Toutefois la POH n’est pas un système de consensus, et un système de preuve d’enjeu classique est nécessaire pour ensuite valider le prochain bloc « officiel » qui fera consensus sur la blockchain.

Ce système ingénieux offre une scalabilité au projet encore jamais vue jusqu’alors dans le monde des blockchains et des perspectives incroyables.

Schéma du mode de validation sur Solana
La validation des blocs étant traitée en parallèle, la seule limite théorique au débit de Solana semble être le nombre de cœurs d’un processeur

Solana, le seul véritable Ethereum killer ?

Solana est actuellement le réseau le plus performant en terme de vitesse, avec un nombre impressionnant de transactions par seconde.

Ses frais de transactions sont quant à eux ridiculement bas : comptez moins d’1$ de frais pour exécuter 1000 transactions.

Devant l’engorgement grandissant du réseau Ethereum et des frais qui deviennent exorbitants, Solana a su convaincre une communauté de plus en plus importante.

A titre de comparaison Ethereum permet d’effectuer 10-15 transactions par seconde (TPS).

Solana culmine à plus de 2000 TPS et pourrait selon ses développeurs déjà supporter 50 000 à 65 000 TPS.

En fait, d’après ses créateurs la seule limite de Solana réside dans la puissance maximale du matériel informatique actuel.

La blockchain est ainsi censée évoluer en suivant la loi de Moore, c’est-à dire que la seule limitation à sa scalabilité reste en théorie la puissance des machines qui font tourner le protocole.

Avec sa scalabilité démesurée Solana peut déjà se targuer d’offrir un moyen de paiement au moins aussi performant que les plateformes classiques.

Un réseau de paiement centralisé comme Visa par exemple peut traiter jusqu’à 50 000 TPS, bien que dans la réalité il ne traite en général pas plus de 5000 TPS.
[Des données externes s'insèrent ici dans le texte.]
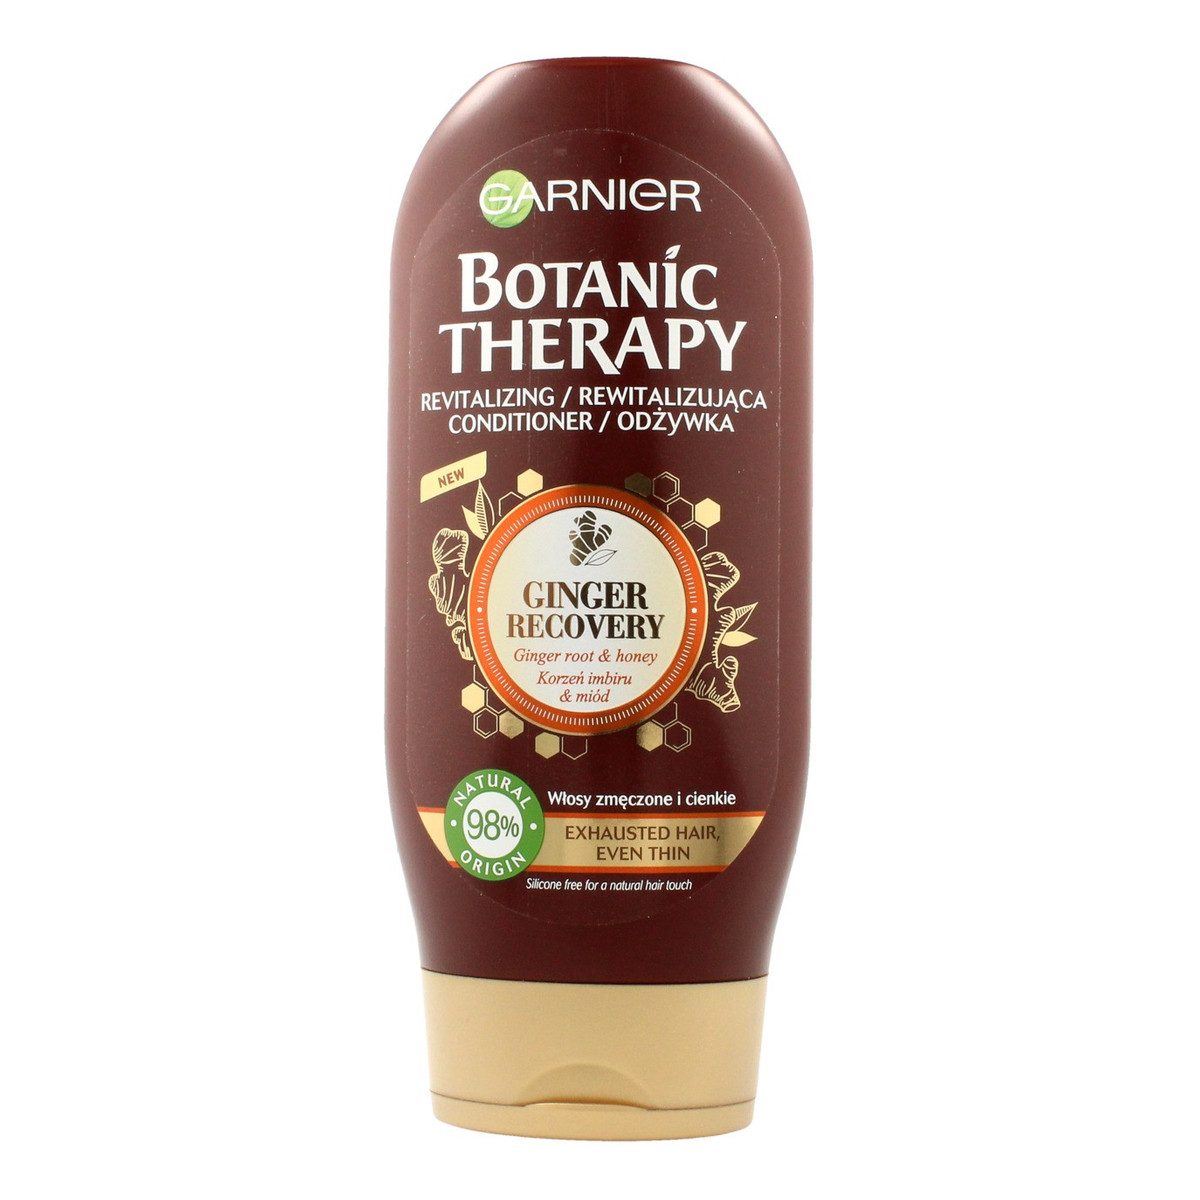 Garnier Botanic Therapy Korzeń Imbiru & Miód Odżywka do włosów cienkich i zmęczonych 200ml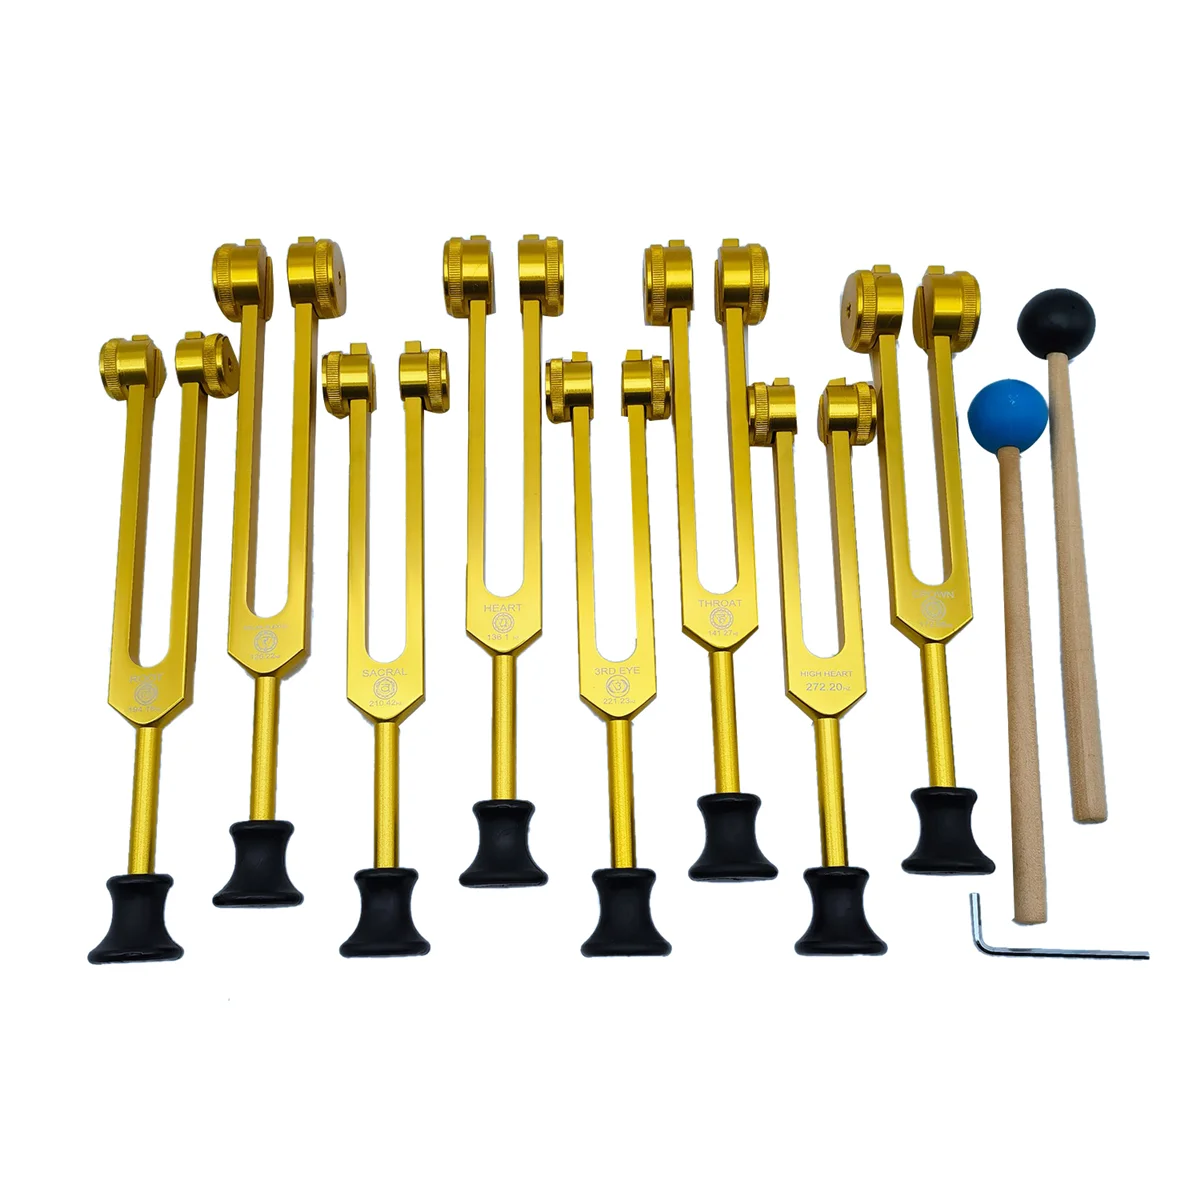 

Tuning Forks Set for Healing,Sound Therapy(126.22 Hz,136.1 Hz,141.27 Hz,172.06 Hz,194.18 Hz,210.42 Hz,221.23Hz) Gold

Reste maintenant à réussir l’épreuve du temps pour savoir si Solana peut rester un concurrent sérieux à Ethereum.

En effet, si elle passe haut la main le test de la scalabilité il faut rappeler qu’une blockchain est construite pour répondre à un trilemme central : Scalabilité, Décentralisation et Sécurité.

Solana doit encore prouver sa valeur sur ces deux derniers points si elle veut s’assoir à la même table qu’Ethereum.

Membres de l’équipe

Le projet est dirigé par une équipe talentueuse avec à sa tête Anatoly Yakovenko.

Ancien manager chez Qualcomm, il a passé une dizaine d’années au sein de l’entreprise californienne qui gère la conception et la commercialisation de processeurs pour smartphone.

Il est ensuite passé chez Dropbox en tant qu’ingénieur logiciel avant de lancer Solana.

Dans son sillage il a emmené Greg Fitzgerald, l’un de ses collègues chez Qualcomm, ainsi que plusieurs autres employés de Qualcomm qui sont venus se greffer au projet par la suite.